I am not sure if I would want to be internally owned and some would say it is not my choice, but those people are wrong. Of course it is. I will have to consciously submit to every part of the process of my Internal Mastering before I am able to submit to it subconsciously and reach the goal of Internal Enslavement. The good thing is, I have a patient Master. He says this to me every time I rebel. “Don’t worry, Pet. I am patient. You will eventually submit.” I know this to be true and maybe that knowing is the building block of everything that is to come. I rebelled against Master’s desire for other slaves. If you’ve read this blog for long, you know that. Now, I have the same thoughts on it that he does. Did I change my mind or did he change my mind for me? I don’t know. It’s seamless. I know he is conquering me slowly but surely and while I used to, I no longer feel it as a lose of myself. I am becoming what he wants me to be. To me, this is all gain. Again, is this my thinking or is it his programming. I don’t know and moreover, it does not matter. A year ago, I could not have said that.

Now when I read over what I just wrote, and especially read the last two paragraphs all together, the truth comes out, doesn’t it?? I had to read it again before I saw it.? I boldly said that “I am not yet internally owned by my Master.” I made bold statements about my ownership.? Obviously the rest of my next to the last paragraph makes mocks that cluster of free thinking statement, doesn’t it?
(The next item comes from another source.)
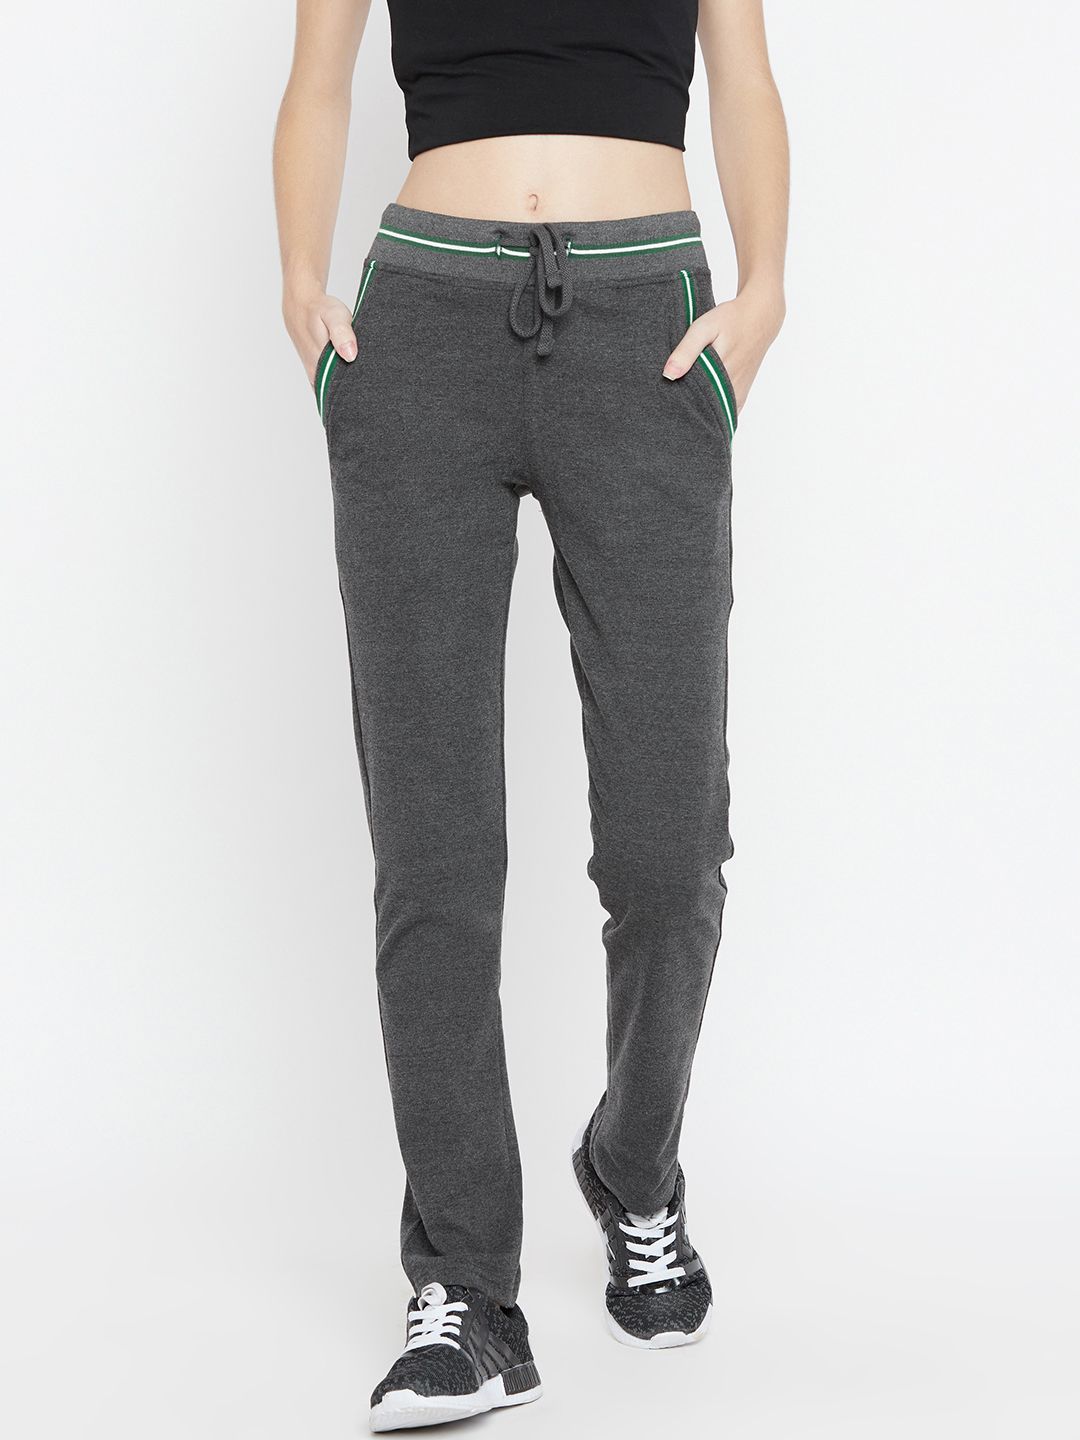 Cayman Women Charcoal Grey Solid Track Pants Price in India
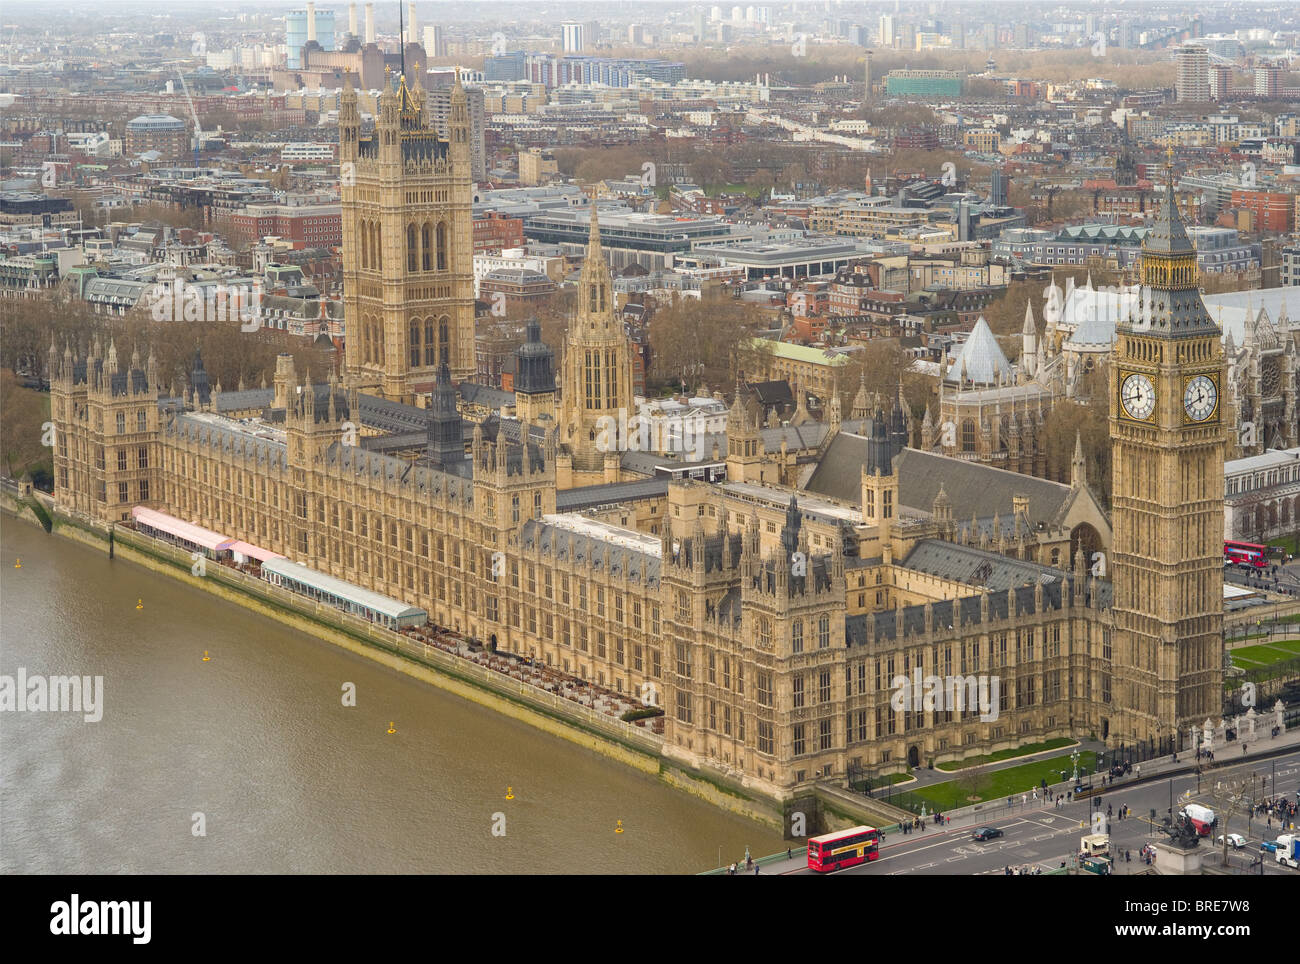 A birds eye view over the Thames of the Palace of Westminster (Houses of Parliament) and Westminster from the London Eye in London, England, UK. Stock Photo

I am internally owned.? I said something different but it seems my subconscious mind is always betraying me.? This is why Master smirks when I tell him that eventually I will submit fully to me. He knows that on many levels he already has me.? I can see it when I look for it, but looking for it is the hard part. Wow.. Who knew you could get all of that from a Gothe quote? Here’s another,

“Treat an individual as he is, he will remain so. Treat an individual the way he can be and ought to be, and he will become as he can be and should be.” I think Master must have read that one.